Municipal use is a tiny amount of The City's total -- about 5 percent of the roughly 65 million to 70 million gallons of water used in The City per day, according to SFPUC, which manages The City's water.

Last winter, Mayor Ed Lee asked all water users in San Francisco to cut water use by 10 percent.

Thus far, after a slow start, both water customers in The City and the SFPUC's other customers throughout the Bay Area, including San Jose and Palo Alto, are hitting that goal, data shows.

Switching to recycled water has helped the Recreation and Park Department, The City's biggest municipal user, cut its water use by 15 percent, according to data presented Monday.

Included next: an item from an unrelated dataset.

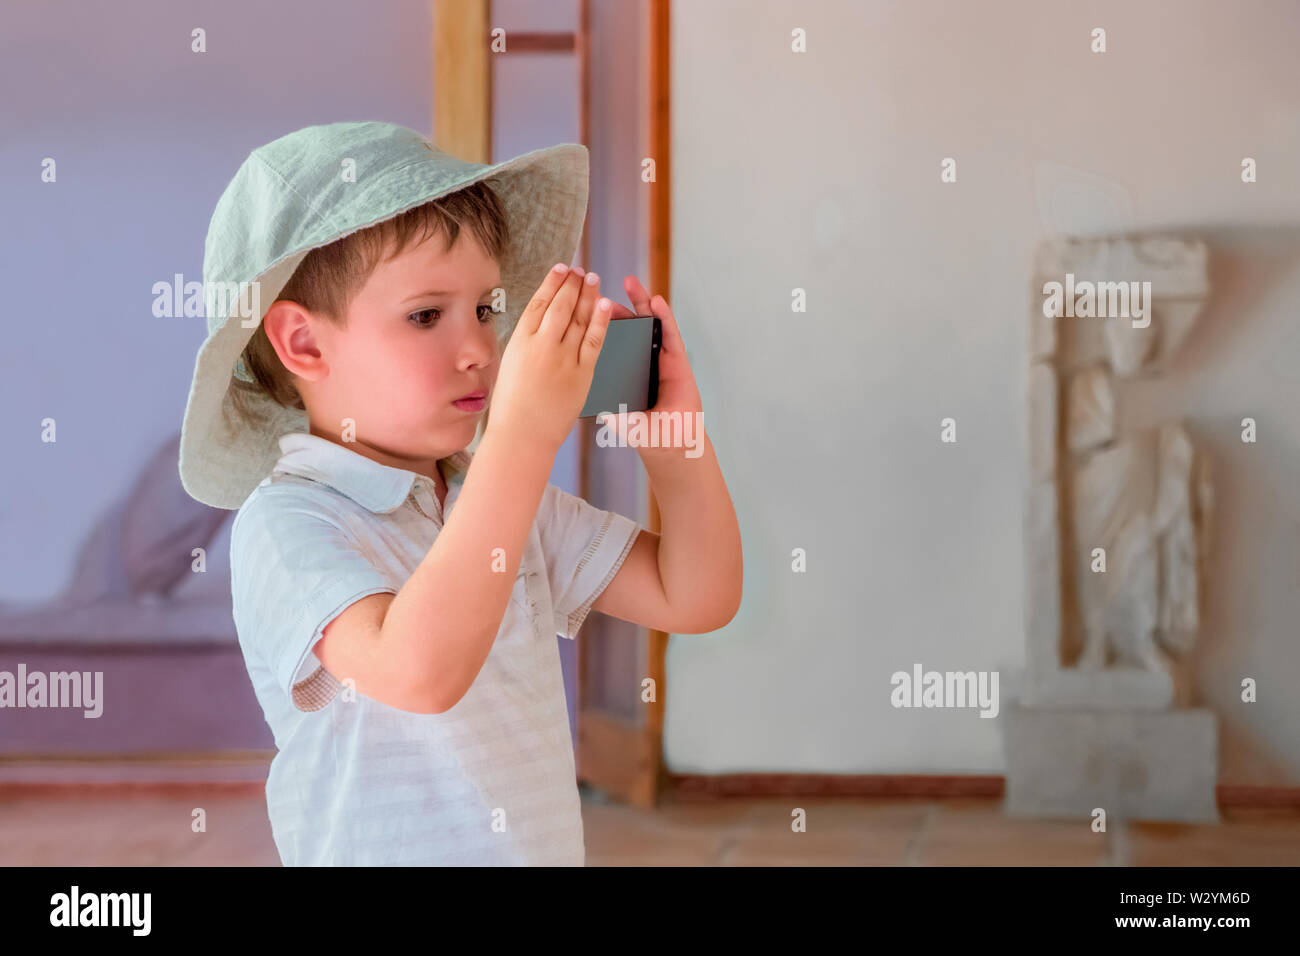 Media school concept. Education background. New approach to learning process. Young filmmaker. Modern museum concept. Young film director. Preschooler Stock Photo
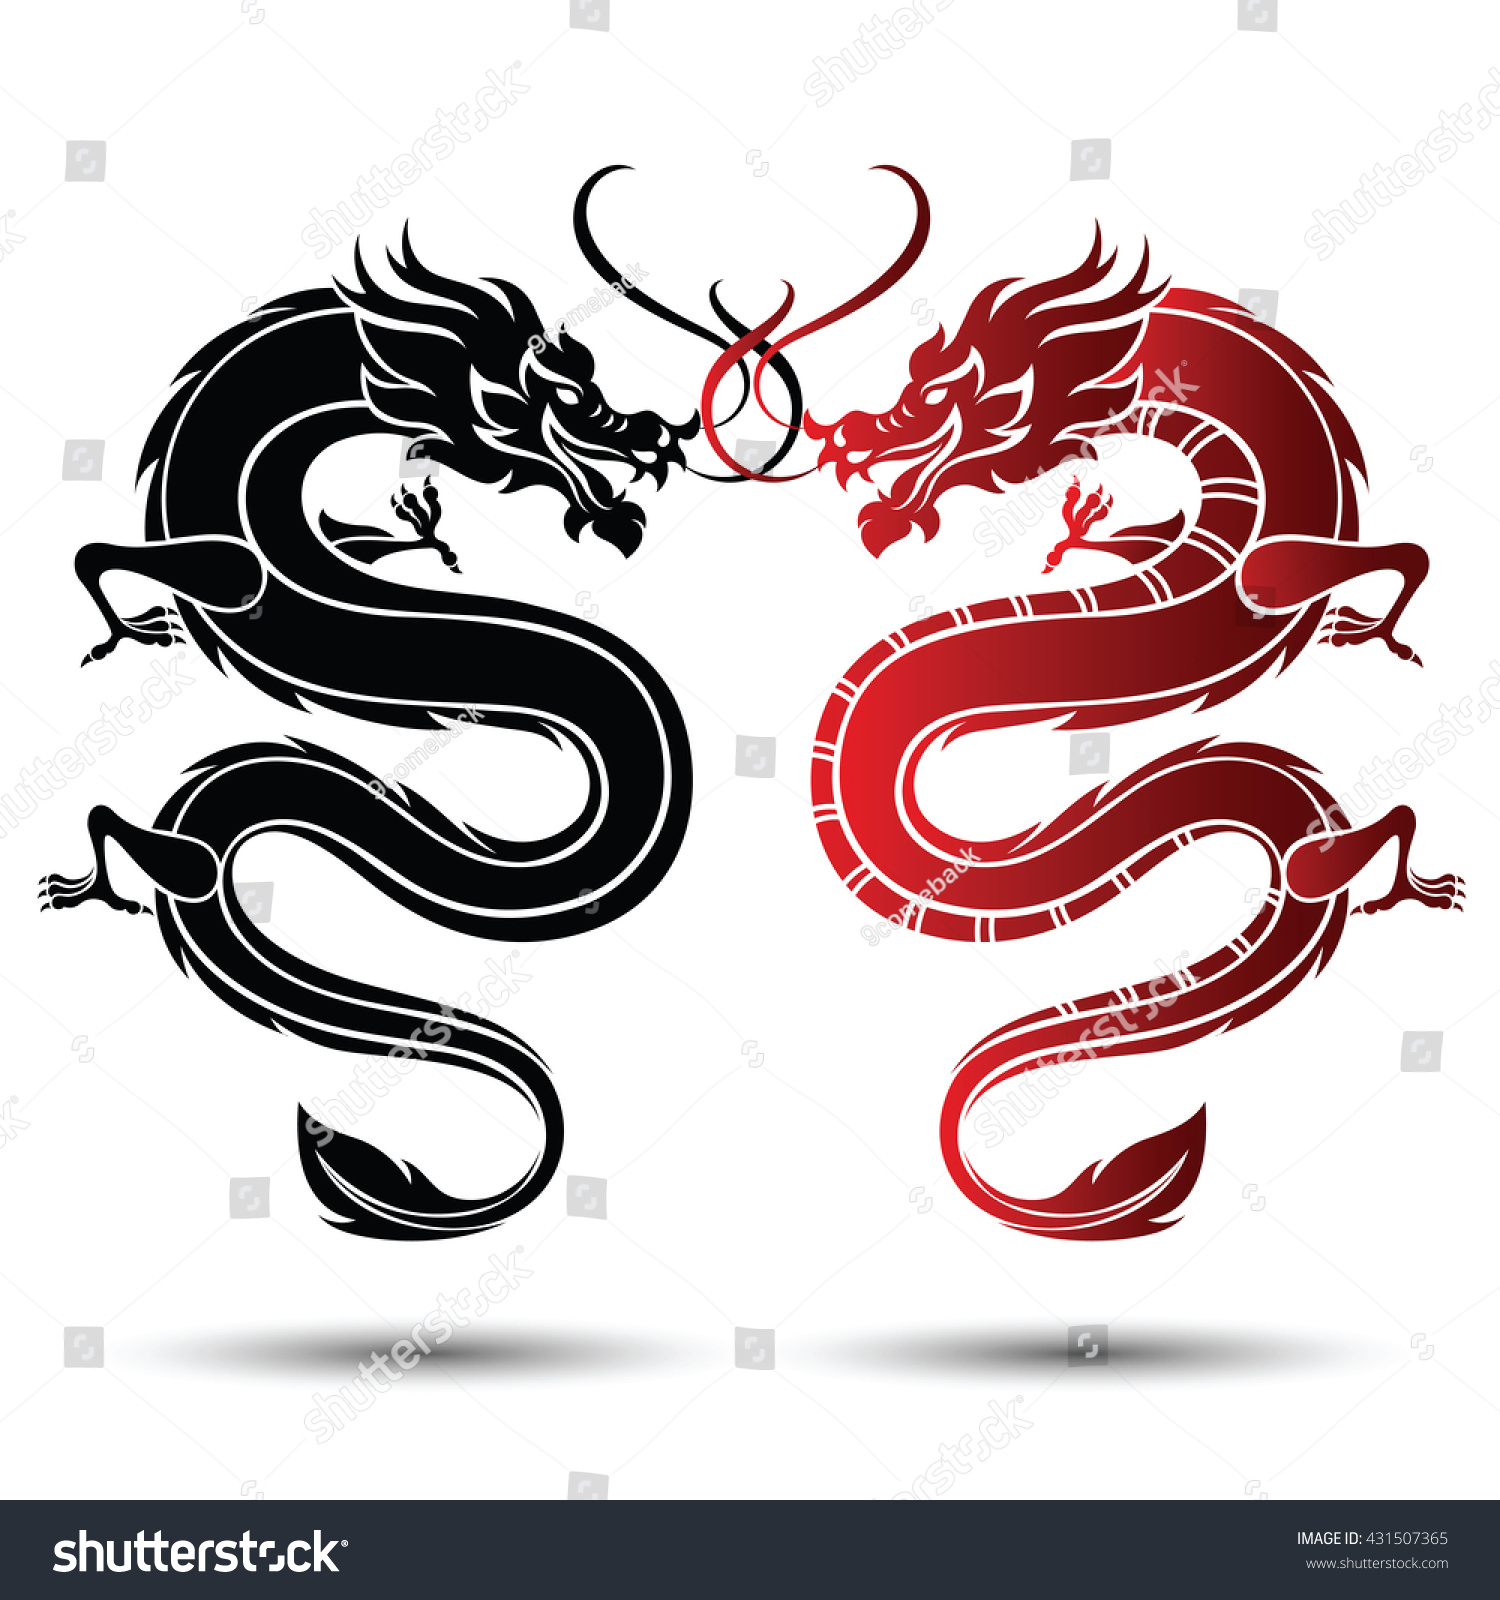 Illustration Traditional Chinese Dragon Vector Illustration Stock Vector Royalty Free

Seven years ago, The City's golf courses used 176,808 cubic feet of water. That's been reduced by half, to 86,701 cubic feet in the fiscal year that ended in June, according to SFPUC data.

While no municipal user citywide uses as much water as Rec and Park, nobody has cut their water use more.

The department has cut its water use by 15 percent, from 683,517 cubic feet from January to September 2013 to 579,351 cubic feet over that same time period this year. One cubic foot of water equals 7.48 gallons.

The City's four other courses, including one at Golden Gate Park and at Lincoln Park, rely on a combination of potable water and groundwater.